MIT expects that employees will strive for excellence in their job performance and take accountability and ownership for their careers. It is essential that employees, either in doing their current jobs or in preparing to take on new and different responsibilities, continue to develop and expand their skills to keep pace with change and ready themselves for opportunities as they become available. It is also essential that managers and administrators provide employees with opportunities to grow and learn.

Internal and External Factors in Pay Decisions

Pay decisions are based on both internal and external factors. MIT considers the external market those organizations with whom it competes for employees, such as other academic institutions and general industry employers.

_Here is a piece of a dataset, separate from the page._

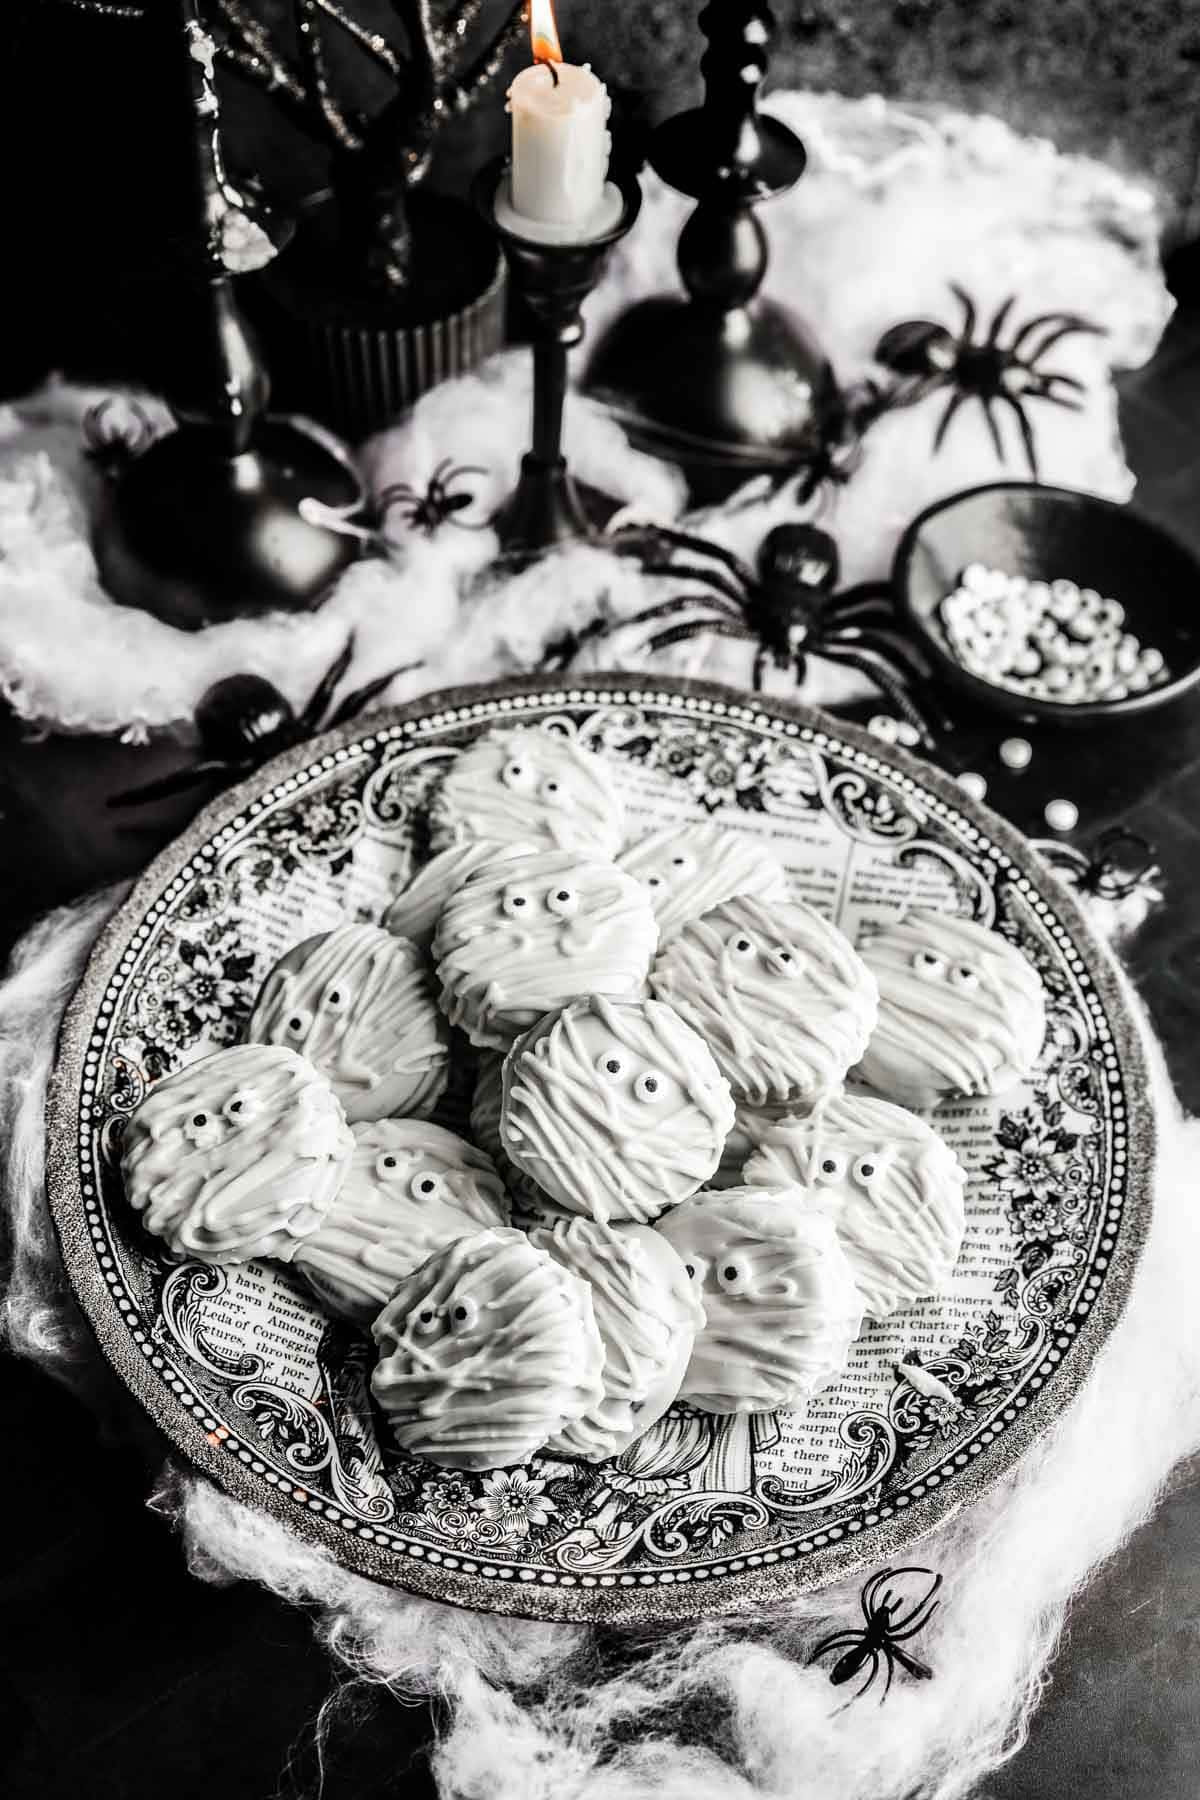 the cookies on a plate with spider webs and black candles. 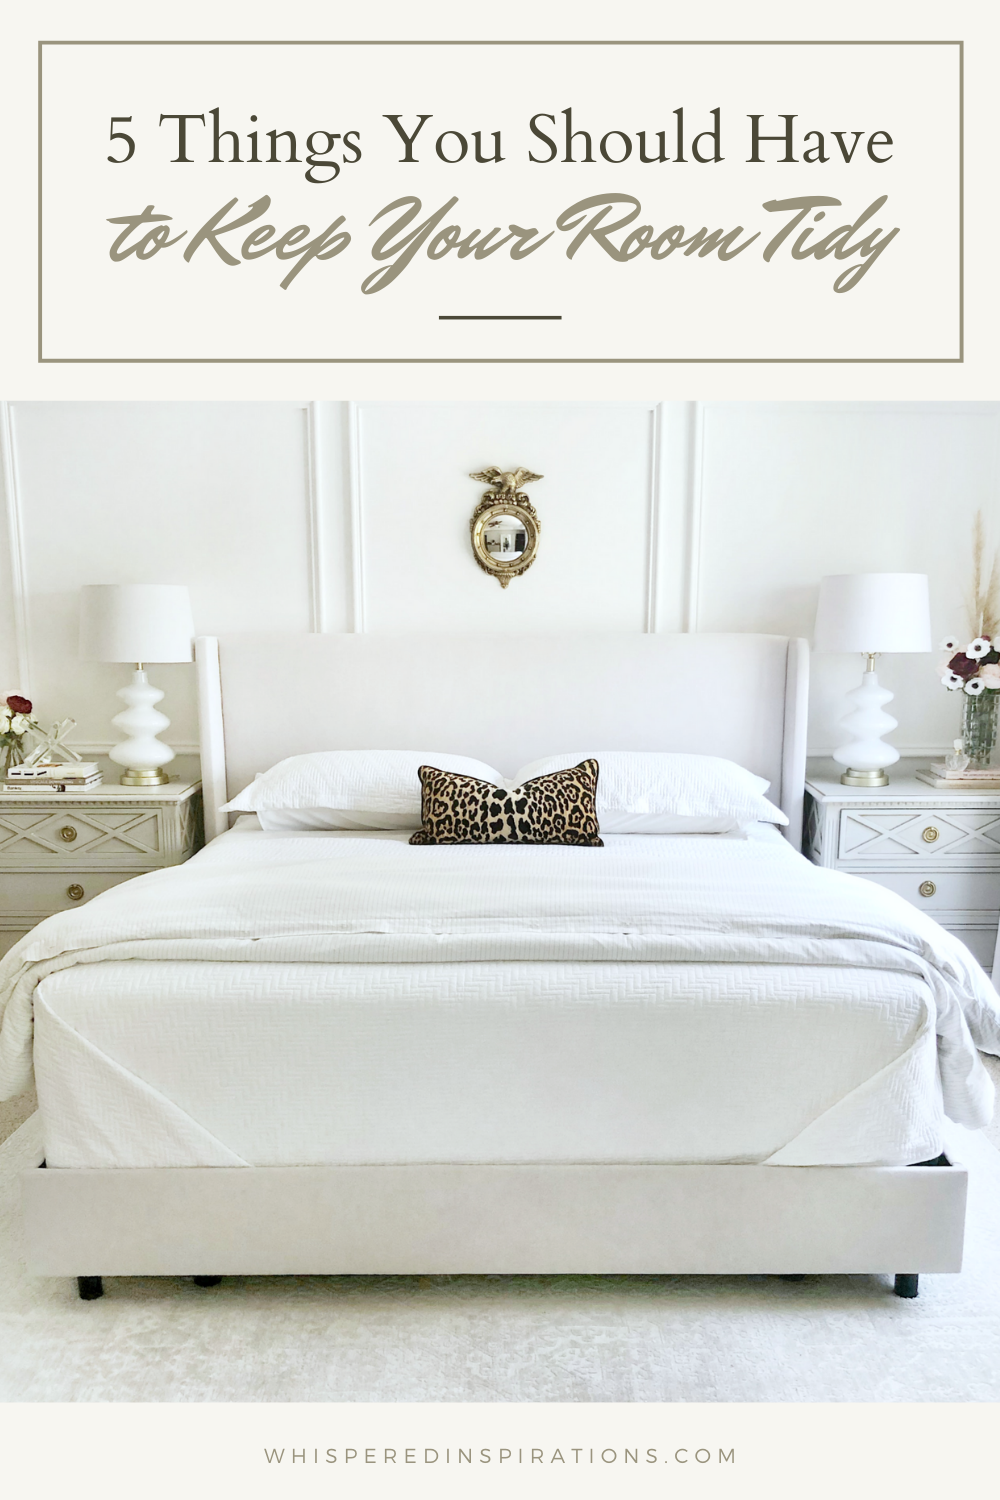 A beautiful, clean, white bedroom, that is tidy. It has a small mirror above the bed. The bedroom is to signify and share the 5 things you should have in your room to keep it tidy.

  • Internal factors — pay equity with others in comparable jobs; an individual’s skills, knowledge, performance, and job-related experience.
  • External factors — relevant labor market trends and their impact on employee pay.

Obtaining Job Market Data

  • Compensation, along with department managers and administrative officers, monitors the job market closely.
  • Compensation participates in annual salary surveys and, whenever possible, obtains salary information on "industry standard" positions, typically referred to as benchmark jobs.
    • These are jobs that are typical in higher education and other industries and are easily matched and compared to jobs at MIT.
    • Results of salary surveys provide the range of pay found in the market for jobs similar to MIT's.
  • On the basis of these data, Compensation will review:
    • Salary levels and ranges annually to determine the need for adjustments.
    • Specific job families to ensure MIT is paying competitively.
  • Note: Markets vary for certain jobs, depending on the recruitment pool, whether certain skill sets are in increasing demand, or whether a shortage exists of individuals with a specific expertise. Therefore, market pay levels vary for specific jobs and can increase slowly or aggressively.

Type of Guidelines

Promotions

Promotions occur because of upward movement to a job with greater responsibility at a higher level or grade. Significant changes in responsibilities must have occurred for a promotion to be considered.

The process
  • Ensure there is an accurate and up-to-date job description when an employee is being considered for a promotion.
  • Where required, obtain approval from the designated senior administrator to ensure that established procedures within a department or school are followed.
  • Consult with Compensation and/or your Human Resources Officer for guidance in making an informed decision before discussing any salary change with an employee.
  • Review the guidelines and “key considerations” (below) in determining whether an increase is appropriate.
  • Compare the employee's current salary to salaries of those in his/her new peer group. An increase may or may not be appropriate, based on internal equity.
Guidelines
  • Promotional increases are typically between 5%-15%, depending on the increased level of responsibility and other factors as outlined below.
  • A promotional increase must bring the employee to at least the minimum of his/her new pay level or range.
  • The effective date of a promotion should coincide with employee’s taking on increased responsibilities.
  • Employees who are experiencing performance and/or conduct problems are ineligible for promotion until the problem is resolved.
Key considerations
  • How proficient is the employee in meeting the requirements of the new job?
  • Where is the employee's current pay in relation to the targeted pay level or range?
  • How does the employee's recommended salary compare with that of others in the same or similar job?
  • How does the employee's recommended salary compare with that of his or her supervisor and, where appropriate, direct reports?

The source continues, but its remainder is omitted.